At this point we can appeal to some classification theorem of subgroups of $\mathrm{GL}_ 2(\mathbb{F})$, but this is easier. Because $\Gamma$ acts on $\mathbb{P}^1(\mathbb{F}_ \ell)$ with no fixed points but it has an $\ell$-cycle, the action is transitive. Using this we can check that $N$ must be all of the upper-triangular matrices.

Local deformation ring

Recall that for $v \in R$, there was this framed local deformation ring $R_{\chi_v}^\square$ that parametrized $$ r \colon G_{F_v} \to \mathrm{GL}_ 2(T) $$ where

$r \bmod \mathfrak{m}_ T = 1$,
$\det r = \epsilon_\ell^{-1}$,
for $\sigma \in I_{F_v}$ we have $\operatorname{char}_ {r(\sigma)}(x) = (x - \chi_v(\sigma)) (x - \chi_v(\sigma)^{-1})$.

We had the local deformation ring $$ R_\chi^\mathrm{loc} = \bigotimes^\wedge_{v \in R} R_{\chi_v}^\square. $$ Here are the things we need to know.

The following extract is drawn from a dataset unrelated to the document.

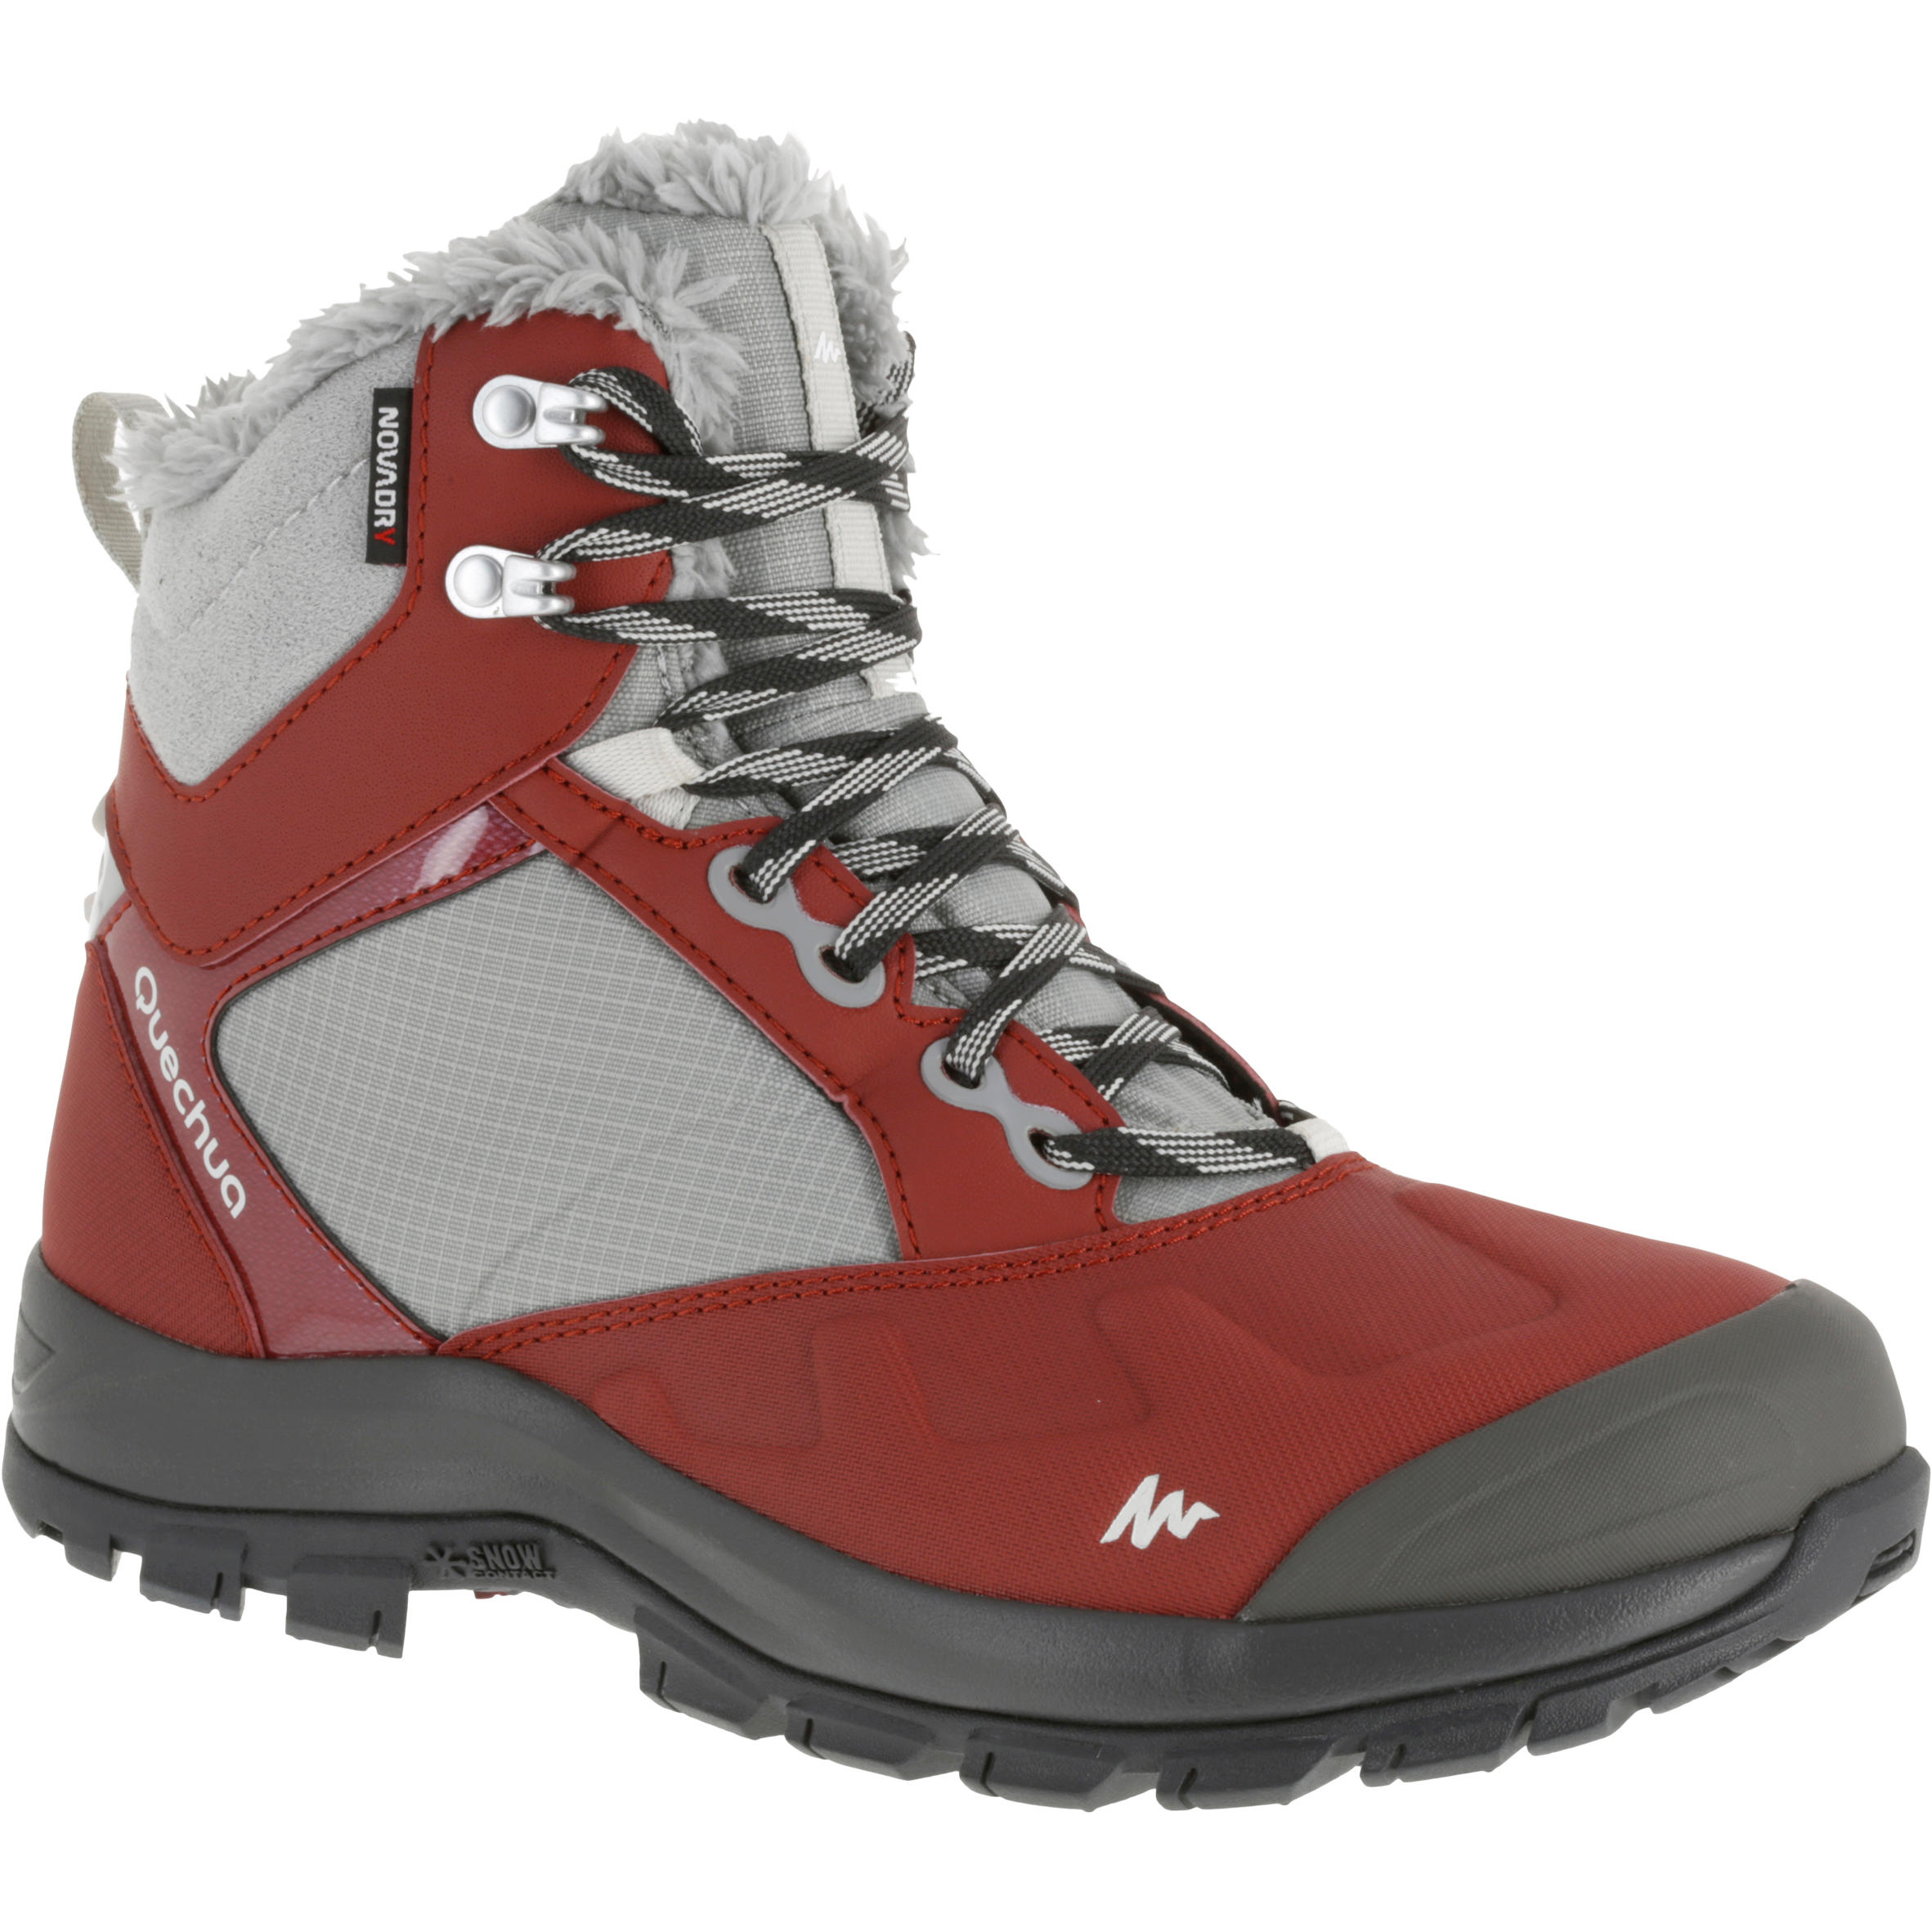 QUECHUA Forclaz 500 Waterproof Women'S Hiking Boots - Burgundy

If $\operatorname{Spec} R_1^\mathrm{loc}$ has irreducible components $C_1, \dotsc, C_s$ (over $\mathcal{O}$) then their special fibers $c_i \times \operatorname{Spec} \mathbb{F}$ are irreducible and distinct and exhaust the irreducible components of $\operatorname{Spec}(R_1^\mathrm{loc} \otimes_\mathcal{O} \mathbb{F})$.
If $\chi_v \neq 1$ for all $v$ then $\operatorname{Spec} R_\chi^\mathrm{loc}$ is irreducible and flat over $\mathcal{O}$.

Choose $\tau_v \in I_{F_v}$ lifting a generator of tame inertia and $\phi_v \in G_{F_v}$ lifting the Frobenius. These two together generate $G_{F_v}$ quotiented by wild inertia. Then $r(\tau_v) = \Sigma_v$ and $r(\phi_v) = \Phi_v$ determine $r$. More precisely, $R_{\chi_v}^\square$ parametrizes pairs $$ (\Phi_v, \Sigma_v) \in \ker(\mathrm{GL}_ 2(T) \to \mathrm{GL}_ 2(\mathbb{F})) $$ with $\det \Phi_v =q_v$ and $\Phi_v^{-1} \Sigma_v \Phi_v = \Sigma_v^{q_v}$ and $\operatorname{char}_{\Sigma_v}(x) = (x - \chi_v(\sigma_v)) (x - \chi_v(\sigma_v)^{-1})$. (We note that the conditions on $r$ forces it to be tamely ramified.)